Neste dia, mas há 115 anos, se inaugurava uma ditadura das mais longas da história humana. A escola herdada da ditadura iria deixar marcas indeléveis de analfabetismo linguístico, político, social. Coube à Ponte e a outras escolas dos primeiros tempos de democracia reduzir os prejuízos. 

Em meados dos anos oitenta, o projeto Fazer a Ponte se expandiu. Ao núcleo inicial, composto de pais e de um professor, se juntaram a Maria José e a Maria Luísa. Estava constituída a primeira equipe de projeto e ela precisava de espaços de trabalho… em equipe. Uma escola aberta (“open school”, como então se chamava) foi construída.

Para levar os filhos até à escola P3 da Ponte, onde a Sarai e o Leonardo aprenderam tudo o que um jovem precisava aprender, mais a aprendizagem da convivencialidade, o amigo Domingos percorria mais de cem quilômetros por dia. 

Em 2021, o Domingos a ela voltou, na minha companhia. A “escola de área aberta”, que fora “incubadora” de novas práticas, estava votada ao abandono, degradada. Era preciso reavivar a memória da equipe de projeto. Parecia estar esquecida de que, em 2012, tinha contrariado a decisão soberana do Conselho de Pais, “a fonte principal de legitimação do Projeto e o órgão de apelo para a resolução dos problemas que não encontrem solução nos demais patamares de decisão da Escola” (cf. texto do Projeto Educativo da Ponte). A escola de área aberta ficou deserta. O bairro da Ponte (e a Vila das Aves) ficaram privadas da sua escola. Ilegalmente, ela fora levada para outro local. 

Disso vos falarei em próximas cartas e vos explicarei o que foram as “escolas de área aberta – tipo p3”. Em 1963, no âmbito da OCDE, foi iniciado um “projeto de ajuda aos países mediterrânicos”. Com o objetivo de desenvolver a escolaridade obrigatória, propunha-se apoiar países como a Grécia, a Espanha e Portugal.
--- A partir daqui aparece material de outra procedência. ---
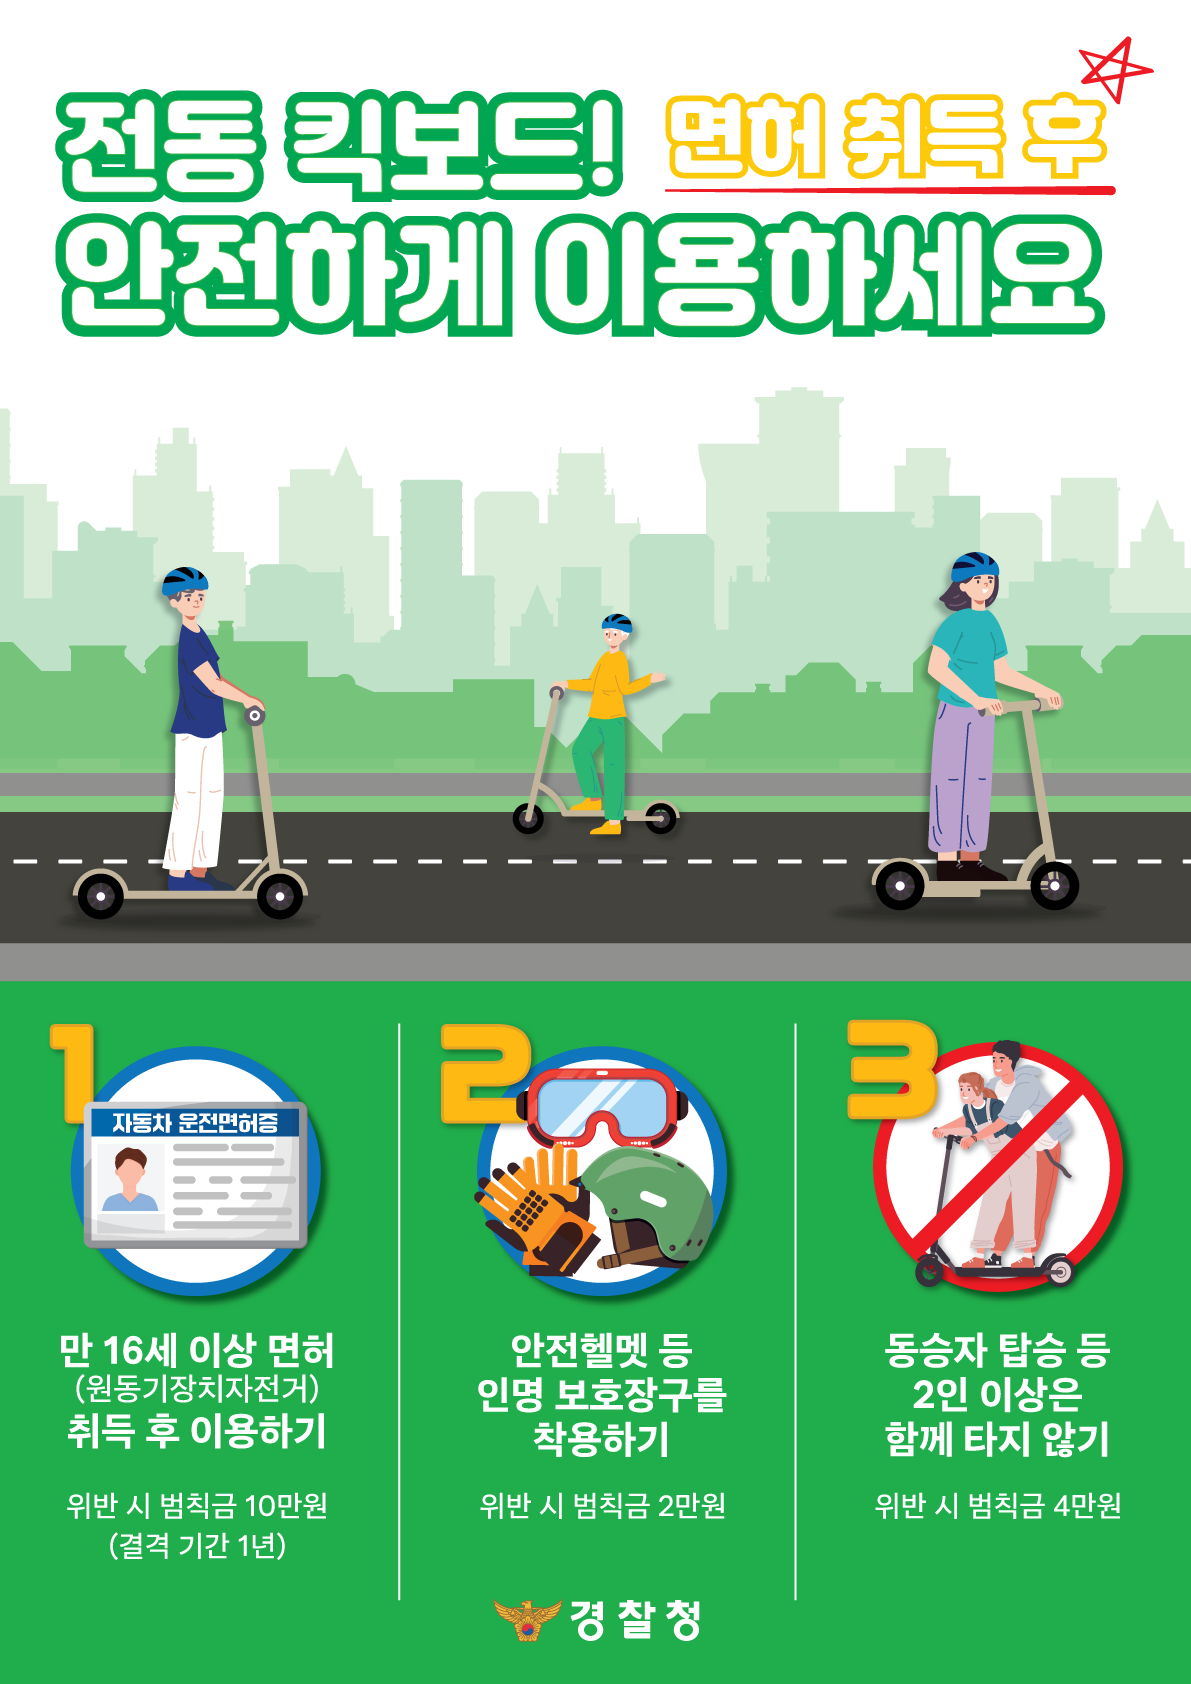 광주남부경찰서 교통과_개인형 이동장치 교통안전 수칙 포스터(전단지용)

Nesse âmbito, um dos problemas foi o de harmonizar a concepção das construções escolares com as concepções de escola e as orientações no campo da pedagogia. 

Nos anos oitenta, no terreno da antiga “escola primária” da Ponte, onde o projeto foi gestado, uma “escola de área aberta” foi construída, para… “Fazer a Ponte”.